The clinical hallmark of haemophilia is its spontaneous bleeding tendency, affecting primarily the large synovial joints, especially the ankles, knees and elbows. Nearly, all untreated patients with severe haemophilia and half of the patients with moderate disease experience haemarthroses. Consequences of these joint bleeds are the development of chronic synovitis and haemophilic arthropathy. In this paper we will discuss the current knowledge on the pathophysiology of synovitis, the clinical course, and treatment options with specific emphasis on non‐surgical synovectomy (ie chemical and radioactive synovectomy) and surgical options.

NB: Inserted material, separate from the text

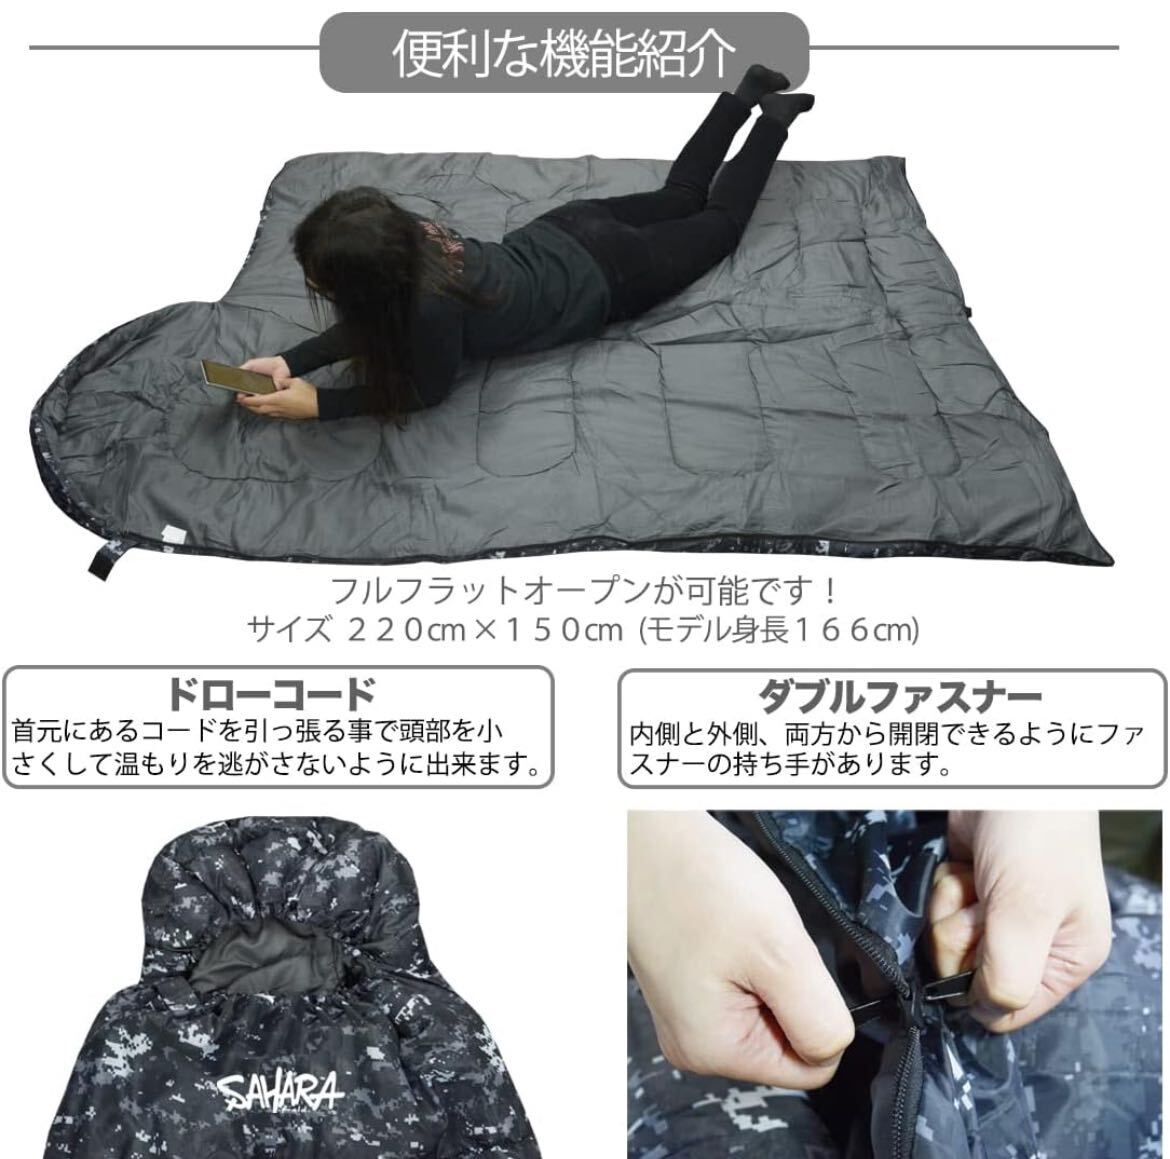 【fieldsahara】 寝袋 シュラフ 封筒型 デジタル迷彩 コンパクト 冬用 夏用 最低使用温度 -15℃デザート 4_画像3
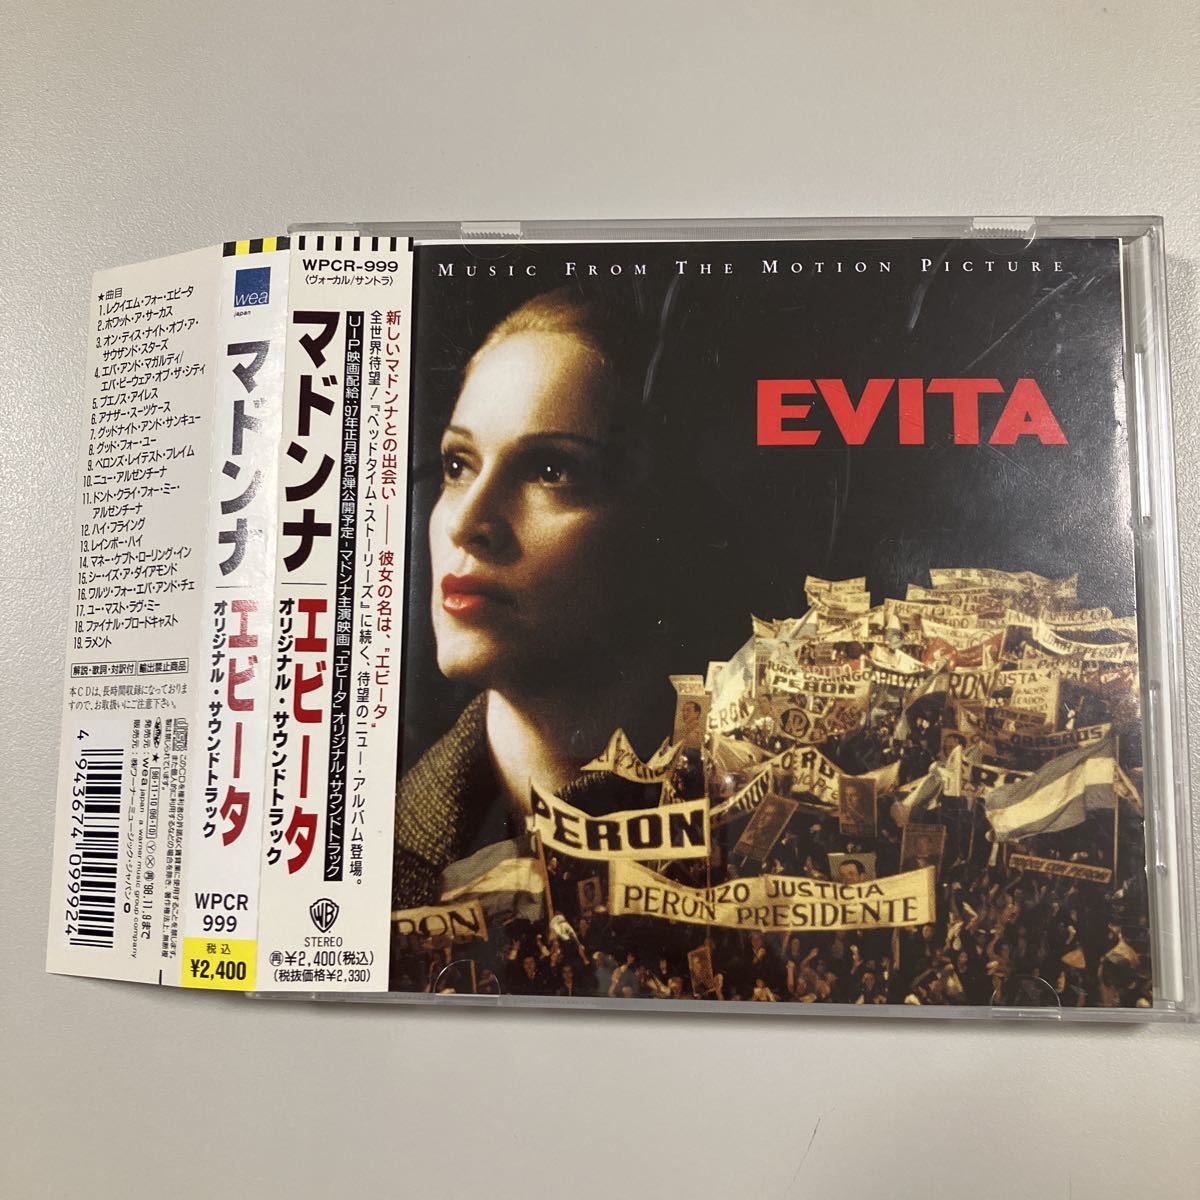 [ западная музыка 2] ценный .CD.! с поясом оби записано в Японии Madonna e Be ta оригинал саундтрек MADONNA EVITA

PATHOGENESIS OF HAEMOPHILIC SYNOVITIS

Synovial joints are characterized by a joint cavity formed by the two bony ends covered with cartilage, connected via ligaments and a surrounding joint capsule. Synovial tissue lines the inner surface of the joint capsule. It consists of a thin lining (intima) composed of three cell layers, and a sublining (subintima) with fatty and fibrous parts containing blood and lymphatic vessels. Synovial tissue is responsible for the production of synovial fluid, nutrition of cartilage and lubrication of the joint, and removal of debris from the joint space. For this purpose, synovial tissue is highly vascularized and in haemophilia even minimal forces can lead to haemarthroses. The blood vessels and capillaries are located in the sublining, with the highest density of capillaries found just below the lining. The lining consists of macrophages and fibroblasts. These macrophages, which can also be found in the sublining, provide a scavenger function removing blood and other deleterious substances from the joint space. Erythrophagocytosis can be observed as early as four hours after a bleed and is a sign of removing blood remnants from the joint cavity. Complete resolution of blood in the joint, assessed by ultrasonography, may however take up to 20 days (SD 9.4).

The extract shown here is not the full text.